In 1967, Levit-Broun graduated from high school and tried unsuccessfully to enter the Department of History of Art, faculty of the Moscow State University. The same year Levit-Broun entered the Faculty of History and Theory of Art of the Kiev State Institute of Fine Arts, where he studied until 1973. In the spring of 1973, just before the discussion of his thesis, about the portrait work of Nikolai Ge, Levit-Broun was expelled from the Kiev State Art Institute for an "ideological cause".

== Career ==
From 1973–1975, Levit-Broun served in the Soviet Army in the Far East, where he began to write poetry. Demobilized and returned to Kiev, he abandoned poetry for 10 years. He worked in a photo lab, as photographer, and later became a jazz drummer and singer. From 1980 to 1988 he taught drums in a jazz school in Kiev.

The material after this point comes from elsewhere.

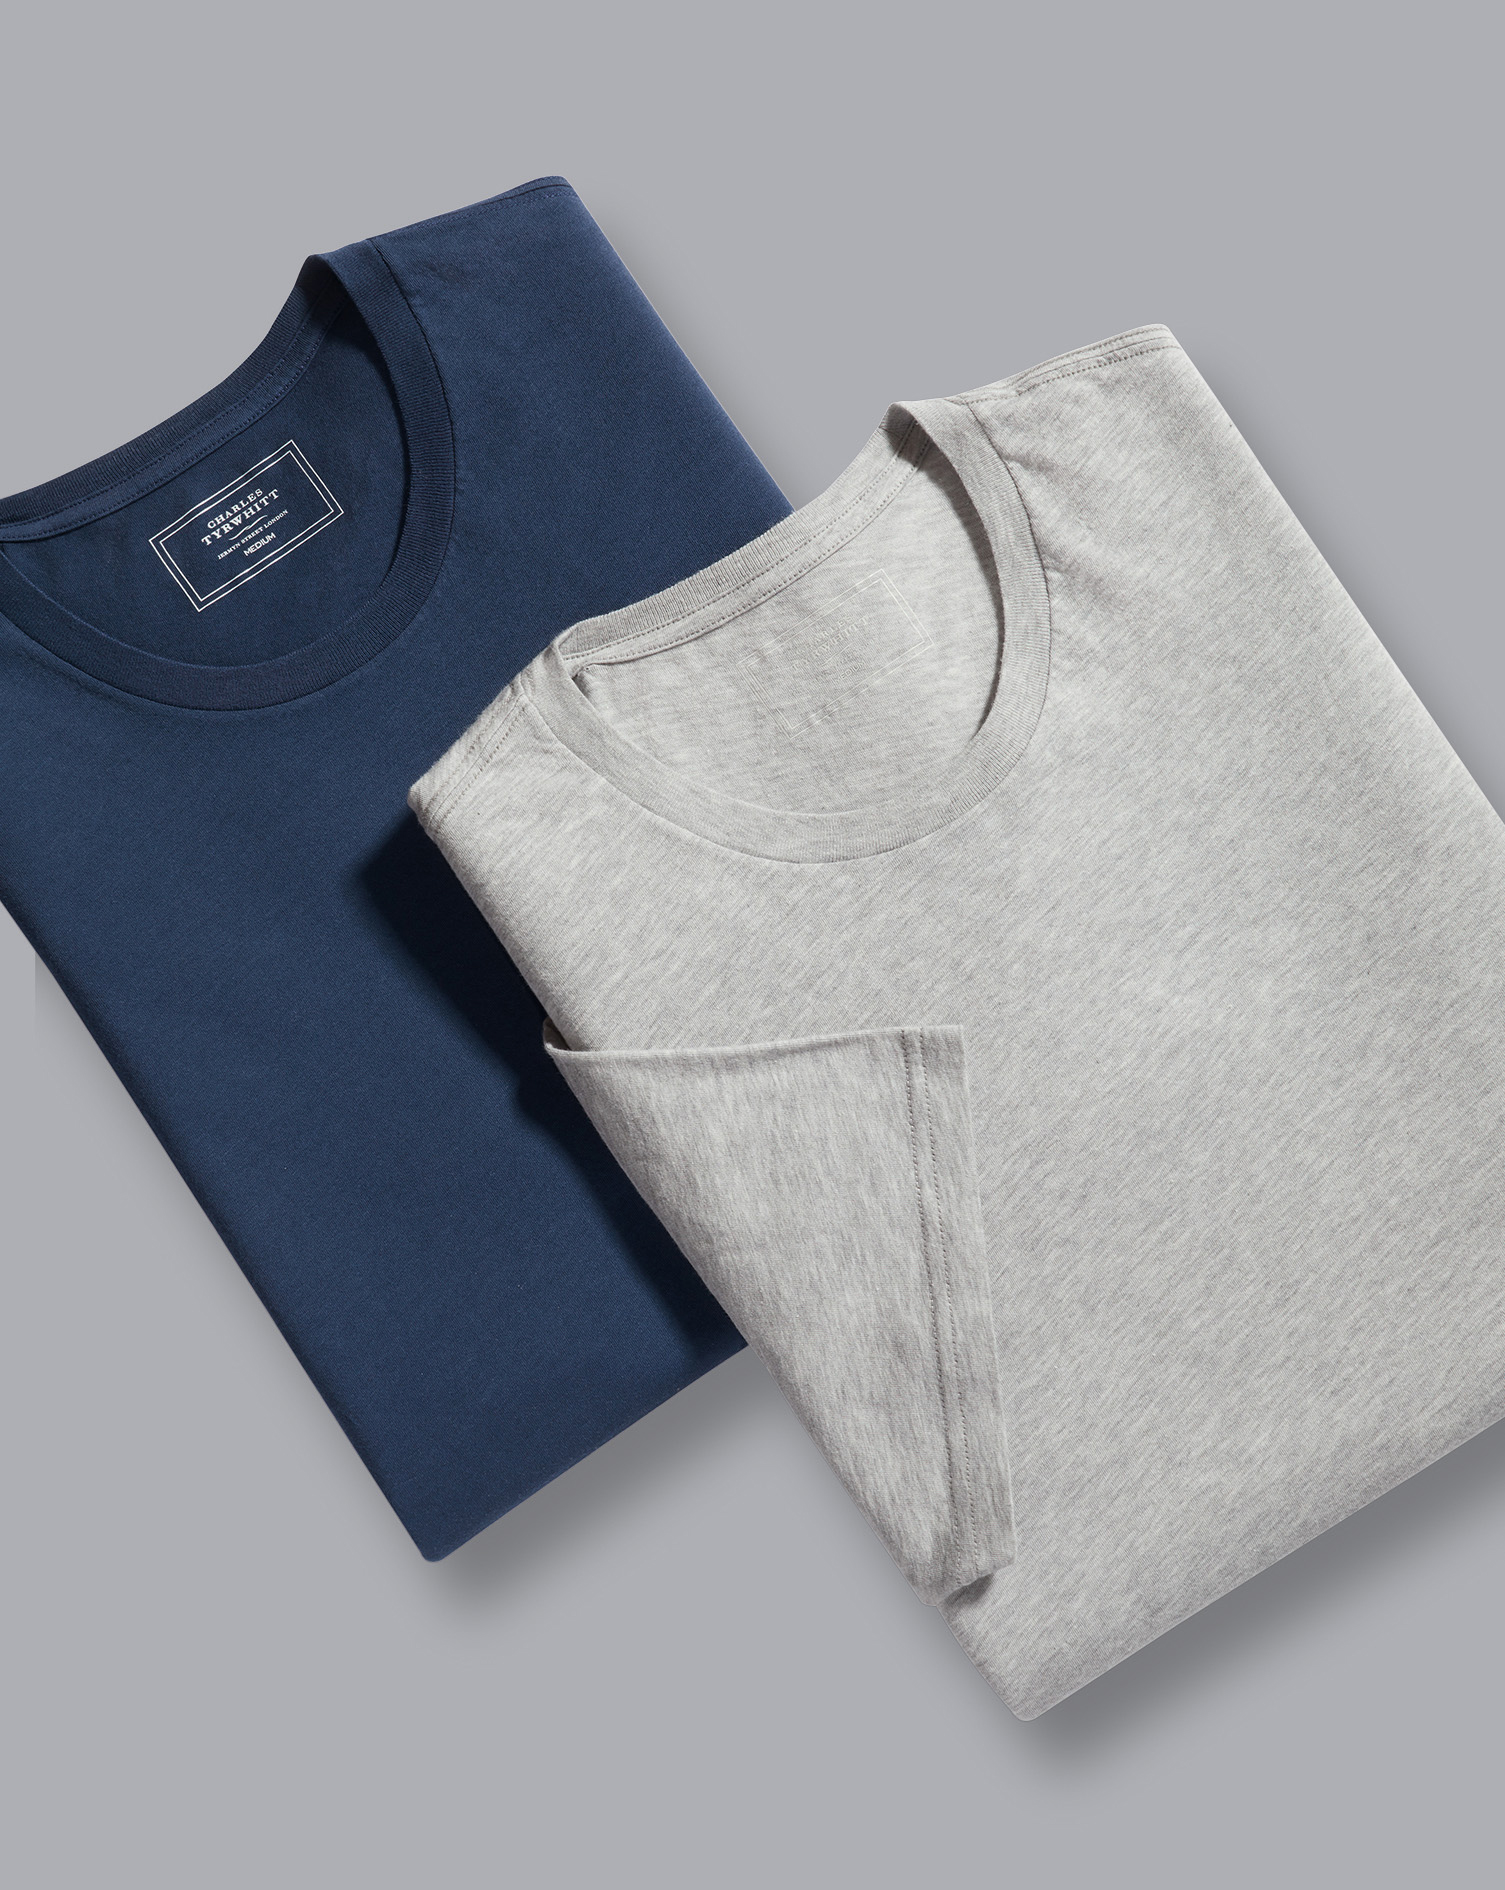 Men's Charles Tyrwhitt 2 Pack Crew Neck T-Shirts - Indigo Blue and Grey Size Large Cotton

In 1984 he returned to poetry. In 1986 he was invited as a leader vocalist in the jazz ensemble of Vladimir Karpovich at the Kiev House of Scientists, with whom he worked until he emigrated.

In 1989 he wrote his first major prose, the story Anketa ("About me"). In May of the same year he emigrated to Germany, where he spent the next six years. There, starting from 1991, he began to write religious and philosophical prose. HIs first book of poetry Požiznennyj dnevnik ("Lifelong Diary") was published in Kyiv in 1993. Later, Levit-Broun found editors in St. Petersburg, focusing his later publications on Russia.

In 1996, Levit-Broun and his wife moved Verona, Italy. Later his works were translated into foreign languages: a Russian-Romanian bilingual edition of his poetry was released in 2011, and a Russian-English bilingual book of his prose in 2012.

The scope of his creative activities encompasses, prose, religious philosophy, graphics, and photography. In Italy an album of erotic drawings by Levit-Broun Homo Erotikus 1997. In recent years, Levit-Broun became known as a jazz singer under the stage name of Boris Lebron. In 2008, he recorded in the studio with Fabio Cobelli.

Levit-Broun is a member of the Union of Writers of the twenty-first century. He is regularly published in Deti Ra (Children Ra), Futurum Art, Zinziver, Kreščatik, as well as web-publications: Persona plus, Relga and Zarubežnye Zadvorki (Foreign Backyards).